About this exercise: Search the records below for the word "diamond". Pull out each line that has it.

Data listing:
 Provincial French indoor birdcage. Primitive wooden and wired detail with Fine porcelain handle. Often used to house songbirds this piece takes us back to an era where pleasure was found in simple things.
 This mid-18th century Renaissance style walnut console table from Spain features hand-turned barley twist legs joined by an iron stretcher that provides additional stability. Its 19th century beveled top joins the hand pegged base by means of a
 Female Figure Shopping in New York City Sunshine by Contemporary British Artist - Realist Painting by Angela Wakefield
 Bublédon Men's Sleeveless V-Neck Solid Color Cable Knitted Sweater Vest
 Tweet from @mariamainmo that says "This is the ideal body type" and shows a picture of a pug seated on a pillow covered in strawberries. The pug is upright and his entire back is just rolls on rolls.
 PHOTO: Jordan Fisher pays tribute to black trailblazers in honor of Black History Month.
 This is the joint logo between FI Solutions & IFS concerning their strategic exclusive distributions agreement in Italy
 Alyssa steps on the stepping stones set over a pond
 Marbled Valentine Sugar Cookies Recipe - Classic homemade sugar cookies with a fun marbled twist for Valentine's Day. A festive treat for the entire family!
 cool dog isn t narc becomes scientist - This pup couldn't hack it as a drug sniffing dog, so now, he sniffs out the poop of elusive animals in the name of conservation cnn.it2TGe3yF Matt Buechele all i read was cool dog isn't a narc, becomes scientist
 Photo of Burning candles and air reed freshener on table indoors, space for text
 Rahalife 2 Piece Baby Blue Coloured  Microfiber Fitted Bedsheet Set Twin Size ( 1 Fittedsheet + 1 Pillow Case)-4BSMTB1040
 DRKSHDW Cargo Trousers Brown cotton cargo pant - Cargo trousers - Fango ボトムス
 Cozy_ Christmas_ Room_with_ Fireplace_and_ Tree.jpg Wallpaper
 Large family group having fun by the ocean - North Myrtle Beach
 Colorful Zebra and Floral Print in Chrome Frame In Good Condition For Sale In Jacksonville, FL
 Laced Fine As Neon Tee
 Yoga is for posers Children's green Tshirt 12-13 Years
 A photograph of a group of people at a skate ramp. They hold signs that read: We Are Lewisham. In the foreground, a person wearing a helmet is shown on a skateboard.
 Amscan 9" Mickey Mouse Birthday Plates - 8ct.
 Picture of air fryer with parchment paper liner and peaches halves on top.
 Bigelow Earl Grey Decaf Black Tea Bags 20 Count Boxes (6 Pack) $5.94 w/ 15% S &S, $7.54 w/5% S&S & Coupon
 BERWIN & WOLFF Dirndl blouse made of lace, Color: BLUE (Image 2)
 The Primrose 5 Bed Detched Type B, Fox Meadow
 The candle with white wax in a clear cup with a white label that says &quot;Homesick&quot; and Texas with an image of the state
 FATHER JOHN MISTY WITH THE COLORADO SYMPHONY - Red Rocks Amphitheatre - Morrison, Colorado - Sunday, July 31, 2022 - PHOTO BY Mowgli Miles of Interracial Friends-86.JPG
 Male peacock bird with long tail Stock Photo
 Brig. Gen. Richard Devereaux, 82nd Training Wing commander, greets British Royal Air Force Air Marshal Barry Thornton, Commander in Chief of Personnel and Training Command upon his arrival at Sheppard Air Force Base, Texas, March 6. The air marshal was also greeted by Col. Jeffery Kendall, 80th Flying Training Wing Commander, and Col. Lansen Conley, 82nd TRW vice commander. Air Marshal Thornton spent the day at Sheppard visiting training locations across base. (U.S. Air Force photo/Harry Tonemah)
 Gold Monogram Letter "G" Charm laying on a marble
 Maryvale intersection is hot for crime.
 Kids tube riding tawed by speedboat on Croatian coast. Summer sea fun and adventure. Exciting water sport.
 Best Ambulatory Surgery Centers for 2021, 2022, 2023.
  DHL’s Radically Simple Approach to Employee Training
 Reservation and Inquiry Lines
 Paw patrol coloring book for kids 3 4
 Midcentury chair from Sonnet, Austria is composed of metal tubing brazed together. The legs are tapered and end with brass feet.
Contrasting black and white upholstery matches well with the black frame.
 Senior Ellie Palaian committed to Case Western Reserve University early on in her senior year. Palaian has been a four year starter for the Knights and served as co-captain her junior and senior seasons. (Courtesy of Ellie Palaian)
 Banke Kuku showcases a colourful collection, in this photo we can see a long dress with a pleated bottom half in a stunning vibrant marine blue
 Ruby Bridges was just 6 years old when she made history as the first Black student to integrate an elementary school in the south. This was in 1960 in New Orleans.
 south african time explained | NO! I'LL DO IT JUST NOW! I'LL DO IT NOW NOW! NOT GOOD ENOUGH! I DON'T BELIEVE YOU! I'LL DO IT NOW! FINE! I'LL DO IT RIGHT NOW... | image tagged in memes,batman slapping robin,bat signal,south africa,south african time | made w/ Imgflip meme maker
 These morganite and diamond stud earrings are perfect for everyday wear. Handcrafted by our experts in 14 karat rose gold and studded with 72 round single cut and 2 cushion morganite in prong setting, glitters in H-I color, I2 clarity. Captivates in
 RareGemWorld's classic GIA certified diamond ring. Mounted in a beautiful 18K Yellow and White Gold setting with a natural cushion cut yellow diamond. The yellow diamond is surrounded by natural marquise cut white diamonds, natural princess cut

Result:
 These morganite and diamond stud earrings are perfect for everyday wear. Handcrafted by our experts in 14 karat rose gold and studded with 72 round single cut and 2 cushion morganite in prong setting, glitters in H-I color, I2 clarity. Captivates in
 RareGemWorld's classic GIA certified diamond ring. Mounted in a beautiful 18K Yellow and White Gold setting with a natural cushion cut yellow diamond. The yellow diamond is surrounded by natural marquise cut white diamonds, natural princess cut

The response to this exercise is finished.